Friday, September 17, 2004

Communities of Practice and Measurement

Measurement is all the buzz these days! I guess we are all trying to do more with less so organizations are evaluating every dollar it spends since the number of dollars are limited. Communities like any other approach comes under the same scrutiny. The whole "organic" piece works for only so long, before the boss asks "what am I getting out of this?" When we start communities in organizations the cost is relatively low (unless you start with some expensive technology). But as more people get involved you may start needing technology or people may spend more time in the community or you may need funding for events, and before you know it you are asking for a community budget.
The moment you do that, return on investment (ROI) comes into the picture. Like the boss said, "what am I getting out of this?"
Typically in the initial phases you are not necessarily measuring the impact of the community, you are assesing the health of your community. Communities go through some very distinct phases of starting, forming, growing, maturing and sometimes dying. Of course I am not quoting anyone's stages per se I am just saying that they go through these phases.
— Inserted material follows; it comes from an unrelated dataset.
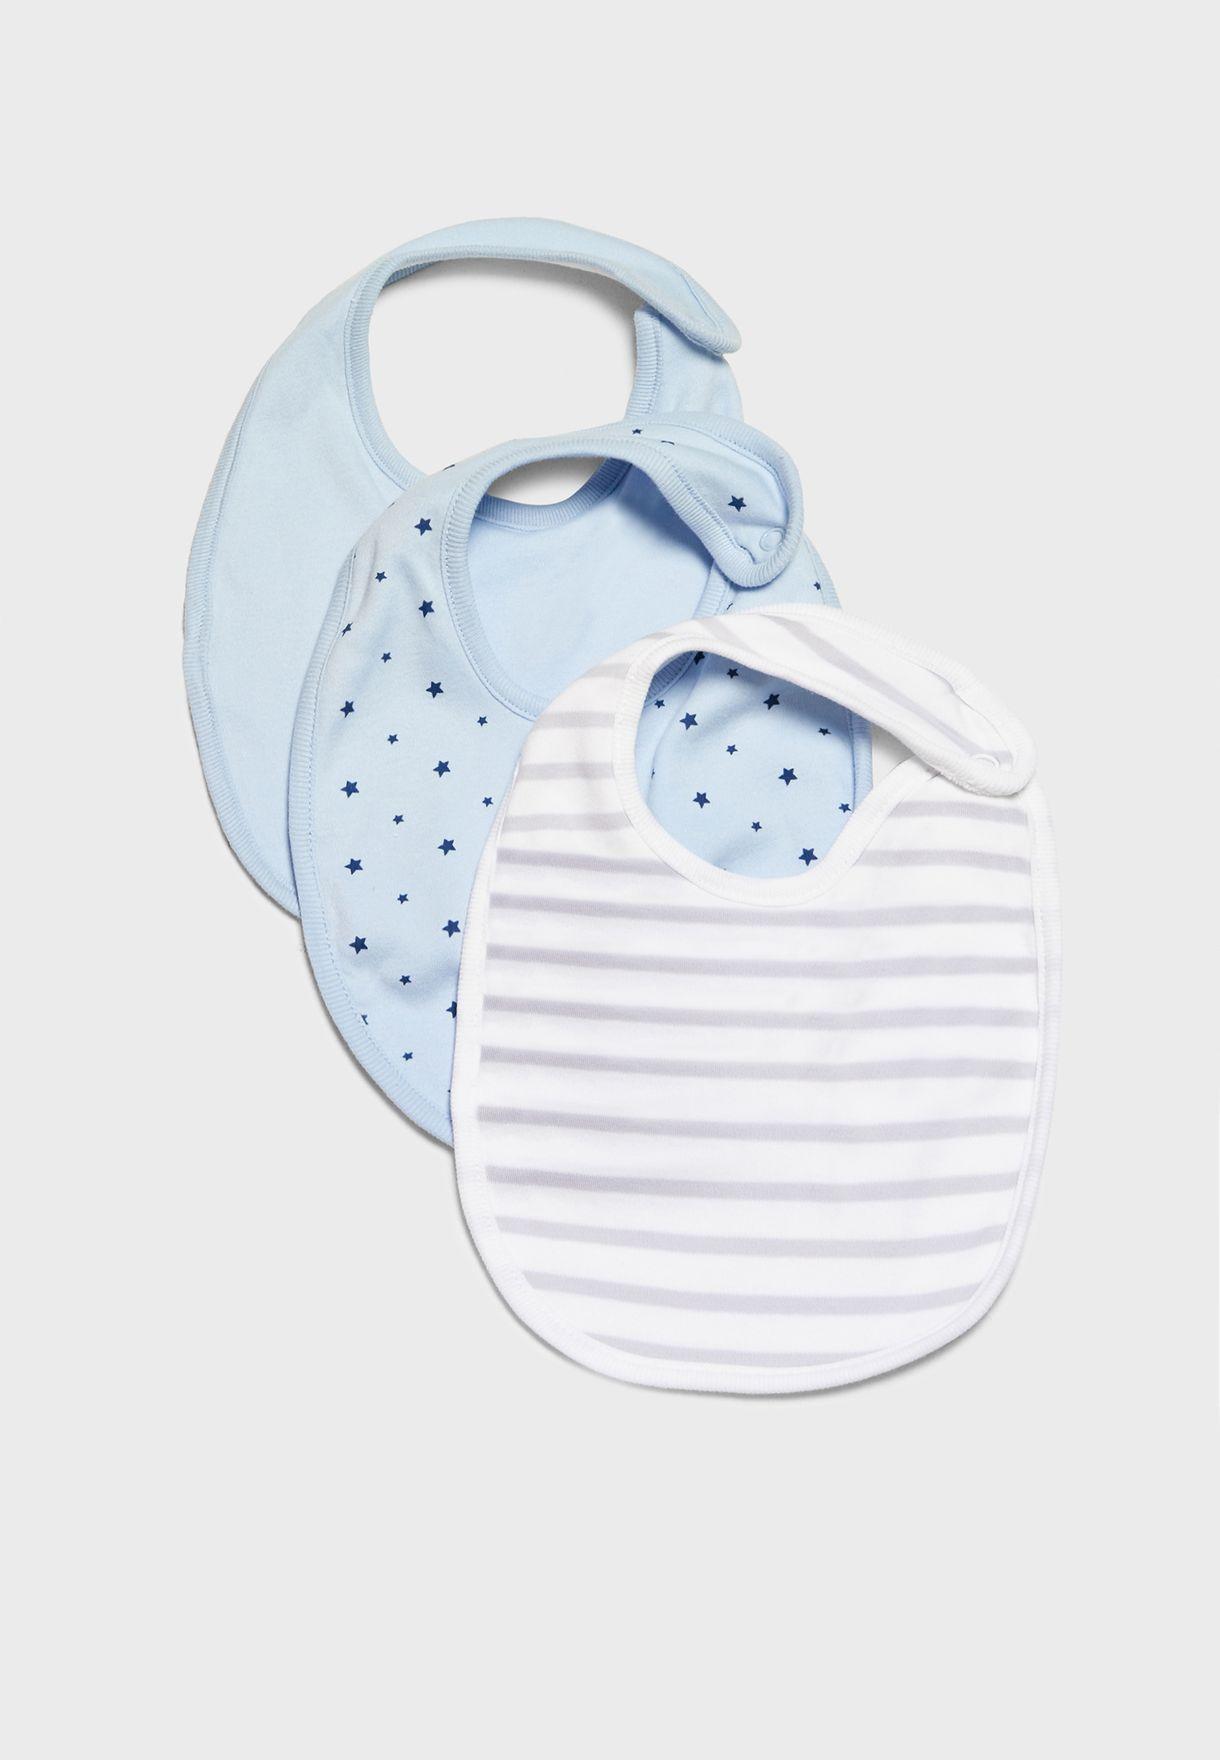 Infant 3 Pack Bibs Set

When you start, an early measure is membership. How many people are in your community? Then you move on to activity. How many times do you meet or get together? What do you do when you get together? and how much do members drive what happens in the community versus what the leader is driving?
As the community matures the group should attempt to put together some outcome measures. Take on a special project to fix something that will impact the bottom line, or gather ideas to create a new product, recommend changes in a process, something that makes a bottom line impact to the organization.
Now don't get me wrong, I am not saying that all communities have to have bottom line results, some of you may be lucky in that your management recognizes the inherent value of a community and knows that sometimes intangible stuff cannot be measured but does pay off somewhere. But that's not the good fortune of most of us that have to account for every hour with a project code.